1) we will be using nanotech to build simple stuff (i.e., most machine parts and
components for buildings) well before 2015
2) we will not use nanotech to build complicated stuff (potatoes, beefsteak,
"anything box") until we achieve a breakthough in control systems such as AI.

We appear to disagree on the boundary between "simple" and "complex".
I place a desktop-sized supercomputer factory in the "simple" category.
I can't tell for sure, but you seem to disagree? It would be fun to
rank-order a set of parts or devices and see where each of us places
the boundary. We could each place the rank-ordered devices on a timeline,
except we both agree that a breakthrough is needed, more or less implying a
bimodal distribution.

I also believe that there is at least a chance that the availability of
nanotech-built massively parallel supercomputers will enable a path to
AI, which in turn could permit a nanotech control system that can enable
us to build complicated stuff.

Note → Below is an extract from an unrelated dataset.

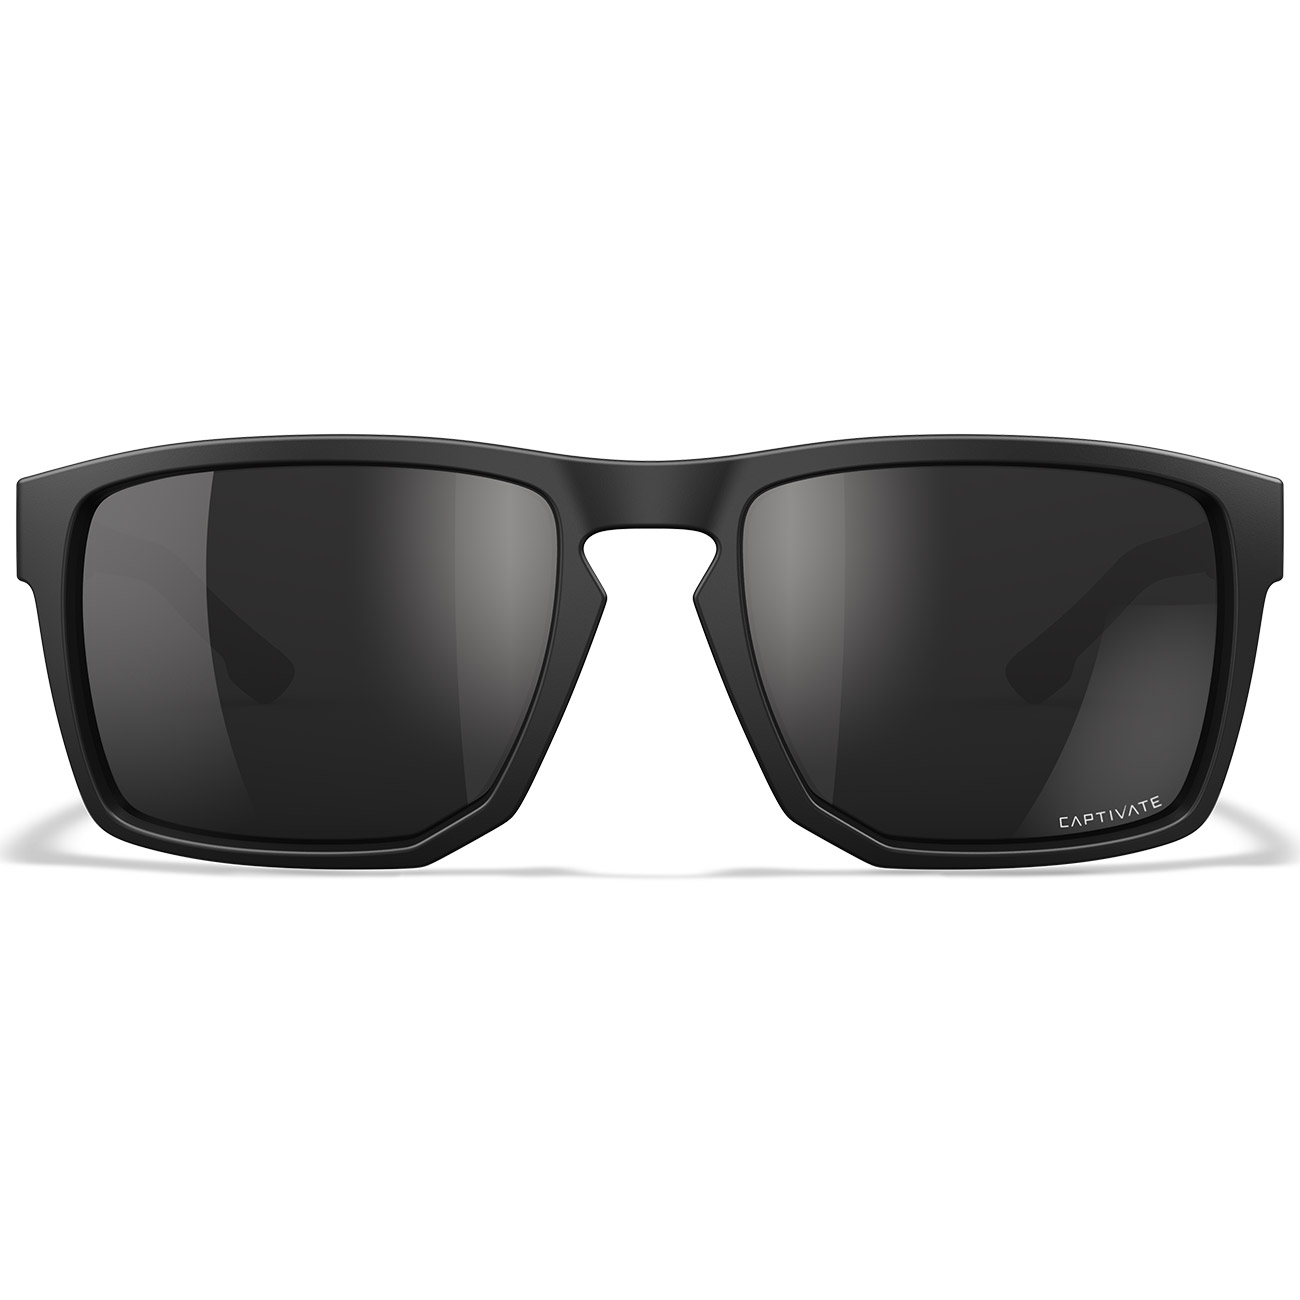 Wiley X Sonnebrille Founder Captivate matt schwarz Glser schwarz verspiegelt und polarisiert inkl. Seitenschutz Bild 1

You appear to think this unlikely?

We also disagree on the rate of adoption of even the "simple stuff"
technology. I feel that the rate will be very rapid, while you think
it will take a decade. In essence, I feel that after the time that the
first macro-scale part (brick, tennis racket handle, whatever) there will
be no new orders for new non-nanotech capital equipment, and within a year
most simple hard-good parts will be diamondoid. In the same time, nanocomputing
will completely supercede microlithographic-based computing.